Hi Ampere! Welcome to PF!
No, you can't do that … Bernoulli's equation only applies along a streamline

and the streamline doesn't go up that little tube, does it?
Yes, because that is in the streamline!

3. Apr 10, 2013

### Ampere

Thanks. So in that case you can find the pressure right under the small tube (with height h2 - did this below). But what equation do I use to travel outside the streamline?

P1 = atmospheric
P2 = unknown
KE1 = 1/2*rho*v2
KE2 = 1/2*rho*(2v)2
PE1 = rho*g*h1
PE2 = 0

So P2 = Patm + rho*g*h1 - 3/2*rho*v2

4. Apr 10, 2013

### tiny-tim

Hi Ampere!
The fluid in the thin vertical tube is stationary, so just use pressure difference = ρgh

(technically, you can use any line in a stationary fluid as a streamline … but that doesn't mean you can then tag it onto a "real" streamline in a moving part of the fluid )

5. Apr 10, 2013

### Ampere

So I get

dP = rho*g*h2
P2 - Patm = rho*g*h2

and

h2 = h1 - 3v2/(2g)

So the faster the fluid flows, the lower the height h2 is? Is there actually a flow rate which would make h2 = 0, or even less than 0?

6. Apr 10, 2013

### tiny-tim

Bernoulli's equation does mean that when the speed is faster the pressure is lower.
work it out!

7. Apr 10, 2013

### Ampere

I found that the speed at which h2=0 is √(2gh1/3).

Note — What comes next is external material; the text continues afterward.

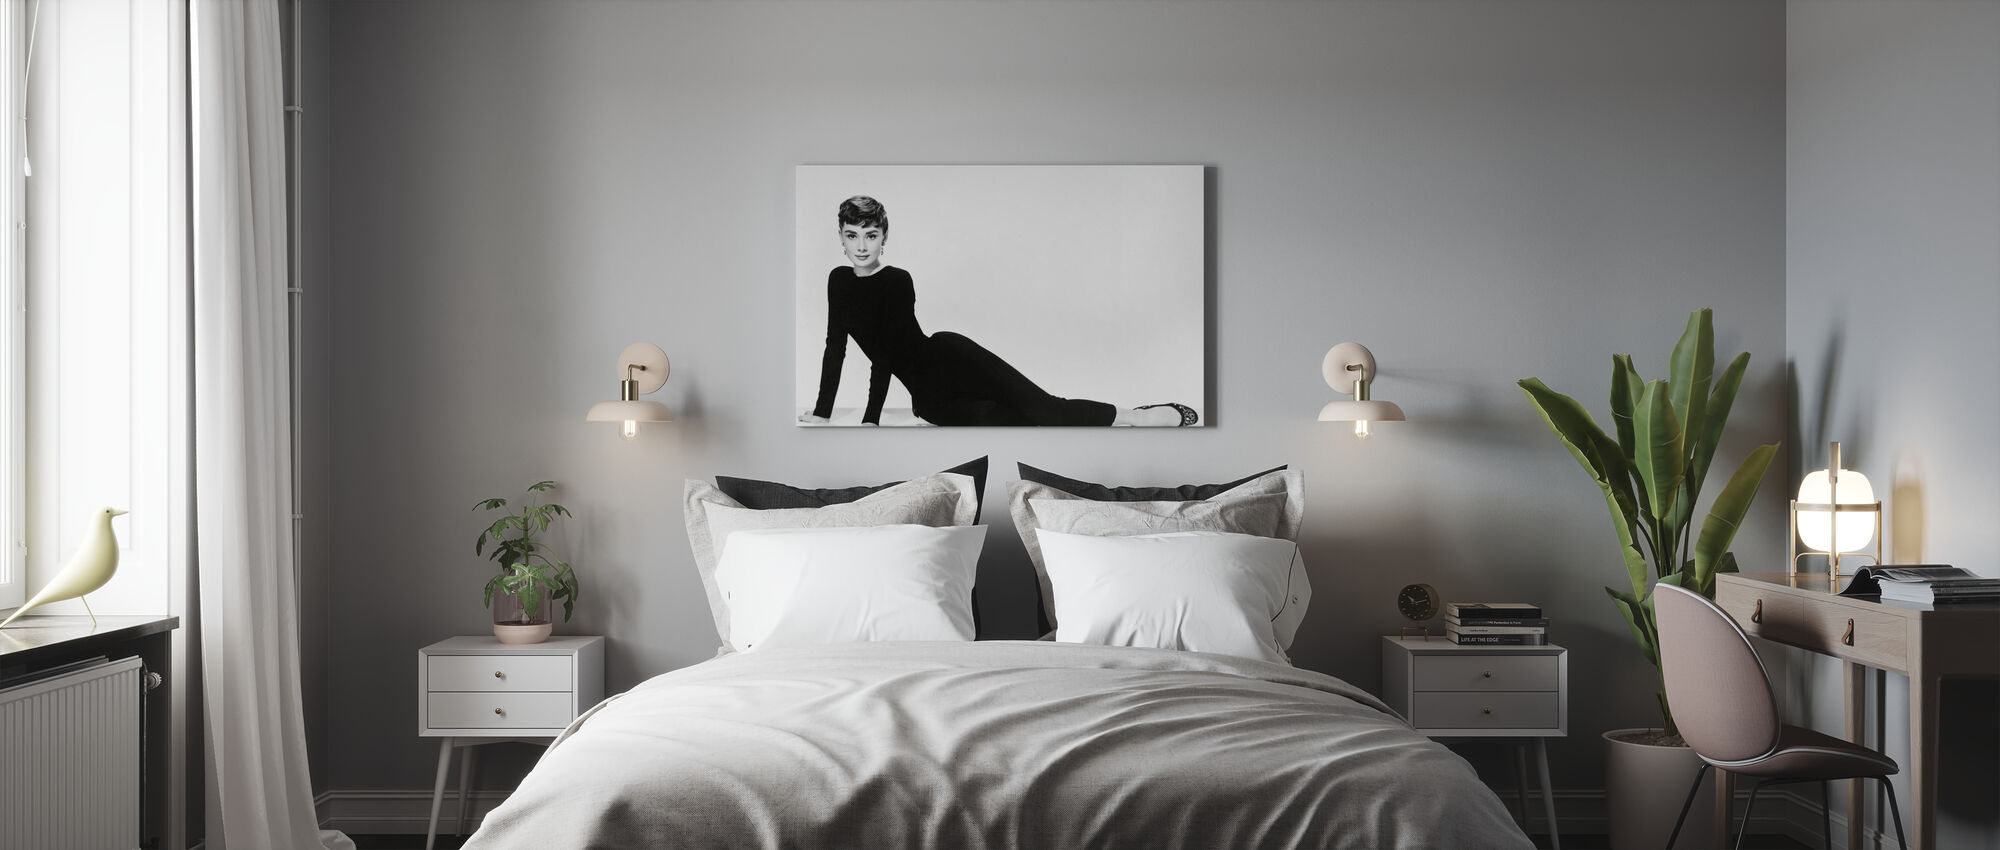 Audrey Hepburn in Sabrina - Canvas print - Bedroom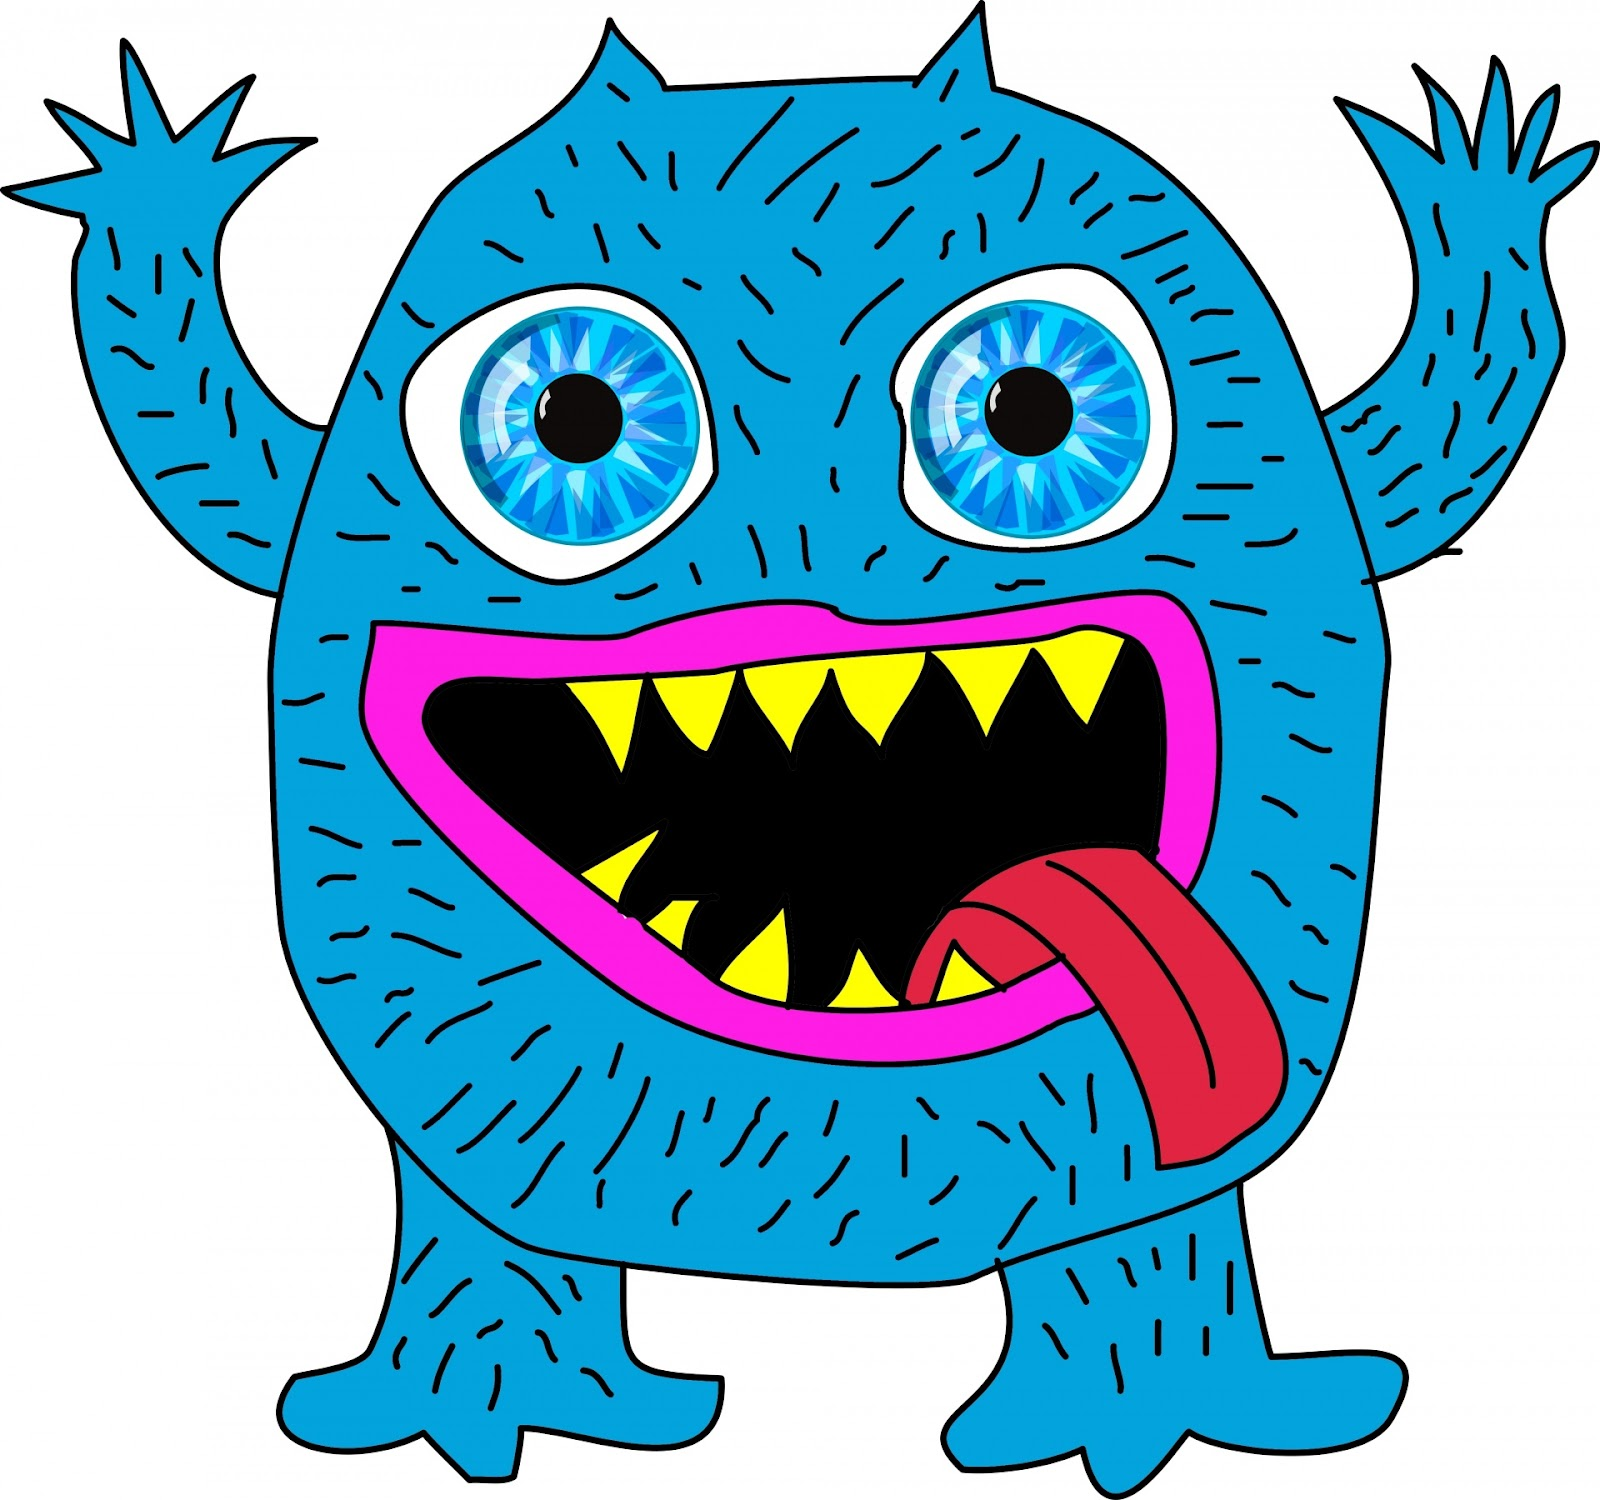 http://www.publicdomainpictures.net/pictures/160000/velka/blue-monster.jpg

So if h1 = 1m, then v = 2.556 m/s. What if I had v = 3 m/s, or even 6 m/s? What would be the physical meaning of a negative height?

For example, if we go with h1 = 1m and v = 6 m/s, we get h2 = -4.51m. Huh?

8. Apr 10, 2013

### tiny-tim

It would mean you have a vacuum pump!

9. Apr 10, 2013

### Ampere

Ah so air would be sucked into the tube along with the fluid? Interesting!

Thanks, this makes sense now.